Однако мисс Прайс ждала его решения. Он долго приглаживал жидкие волосы цвета грязного песка, поджимал тонкие бледные губы под редкой щёточкой усов, потом откашливался, чтобы выиграть немного времени, и, наконец, после долгой паузы неуверенно предложил:
– Ну… если я чем-нибудь могу помочь… В самом деле, это ведь так не по-товарищески…
И Имоджен Прайс, захлопав в ладоши, возликовала:
– Я знала, мистер Пропп, знала, что вы непременно что-нибудь придумаете! Вы ведь такой умный и так много всего умеете! Как же хорошо, что я обратилась именно к вам!
Она одарила его восхищённым взглядом, и он сразу же ощутил, как в груди разливается тепло и его словно окутывает облаком блаженства. В самом деле, стоит ли придавать так много значения беззлобной шутливой проделке? Ведь ни на что по-настоящему дурное Имоджен не способна, он был в этом абсолютно убеждён.
* * *Рафаилу Смиту, довольно известному в театральных кругах иллюзионисту, которого в труппе прозвали Бродягой, с недавних пор были ненавистны фотографические карточки. И они сами, и те, кто был на них изображён, казались ему одной великой ложью. В своё время он избавился почти от всех немногочисленных свидетельств прошлой жизни, которая оборвалась для него с известием о гибели горячо любимой жены, полученным спустя три недели после её похорон. Во время Великой войны, в те месяцы, когда шли самые ожесточённые бои, бывали ещё и не такие задержки корреспонденции.

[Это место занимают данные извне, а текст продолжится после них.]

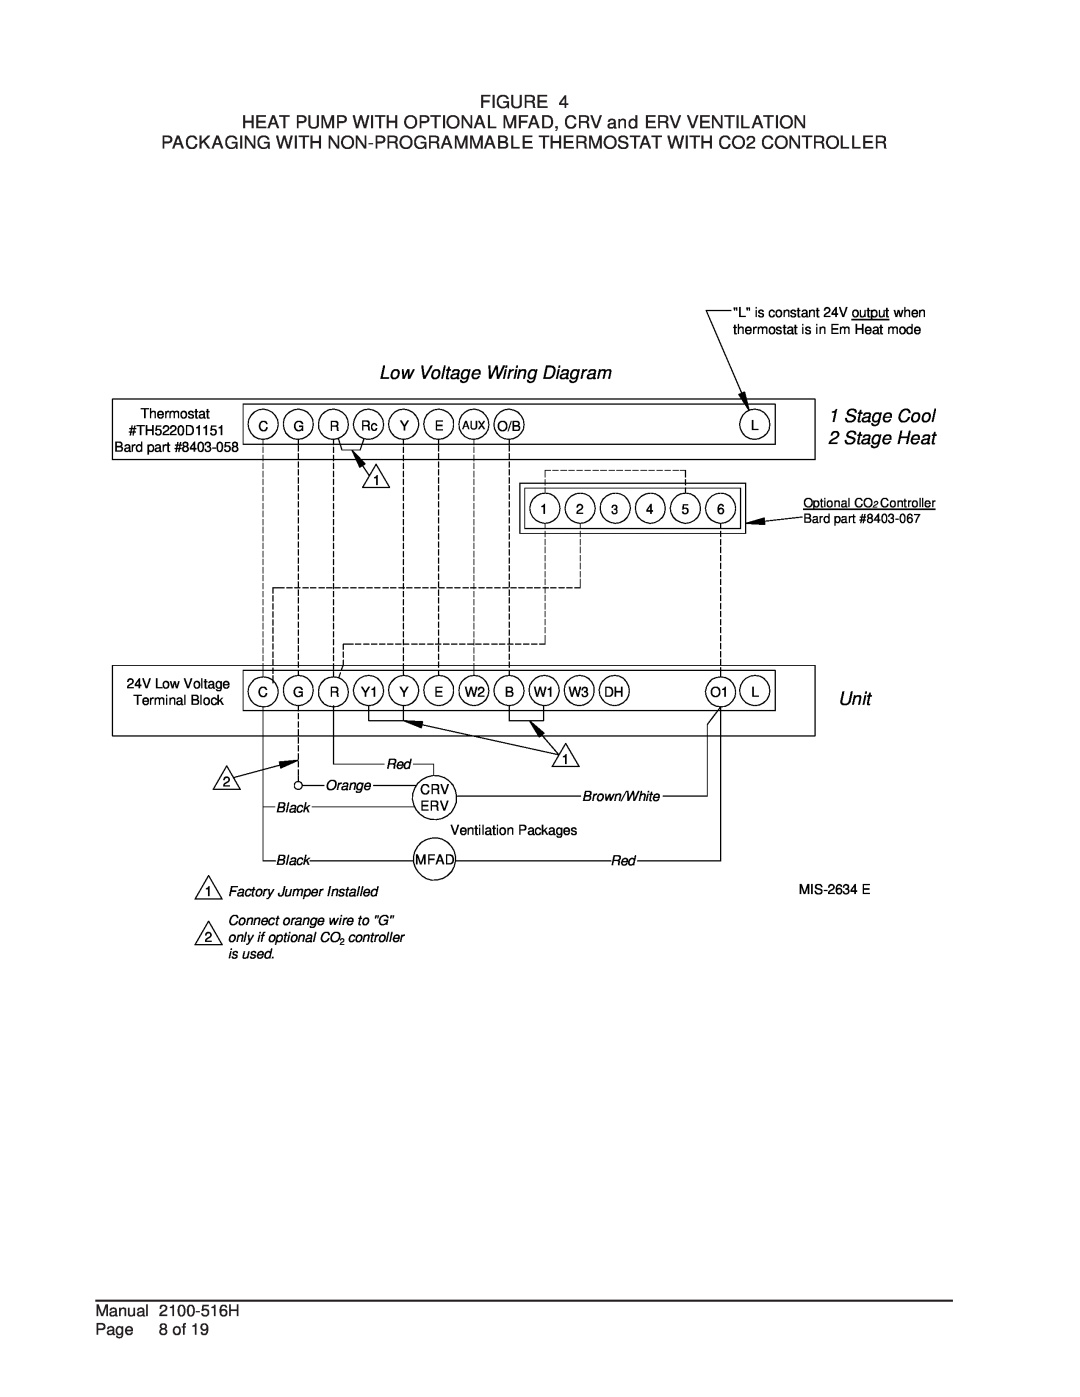 Bard S**H*D, W**H*D, T**H*D installation instructions Low Voltage Wiring Diagram, Unit, Stage Cool, Stage Heat

Когда он вернулся в родные края, то нашёл дом, в котором они оба были когда-то счастливы, пустым и холодным. В очаге громоздилась горка сажи и пепла, рядом валялся стул с отломанной спинкой. Кто-то оставил дверь чёрного хода открытой, и в кухне на полу намело снежный сугроб. Бродячая кошка устроила на его кресле лежбище и разместилась там с клубком новорождённых котят, угрожающе шипя всякий раз, как он подходил к ней ближе, чем на три фута. Котята бестолково копошились возле её тощего живота. Что она ест, подумалось ему. Здесь же нет ничего. Ничего, кроме сажи и пепла. Дом был так безжизнен, что, казалось, в нём не было даже мышей.
Он тогда поднялся на второй этаж, в спальню, где стояла кровать под пологом, расшитым васильками. Постоял перед ней, потом подошёл к комоду и стал методично вынимать из рамок фотографии. Отнёс их вниз и бросил в камин, а после долго трясущимися руками не мог разжечь огонь. Кошка прекратила шипеть и наблюдала за ним с усталым любопытством. Когда наконец пламя принялось жадно облизывать угощение, он, не выдержав, выхватил из стопки одну фотокарточку, пальцами притушил искры, поедающие верхний край, – и все эти годы, неважно, каким испытаниям подвергался он сам, и куда швыряла его жизнь, – он бережно хранил изображение единственной женщины, которую любил.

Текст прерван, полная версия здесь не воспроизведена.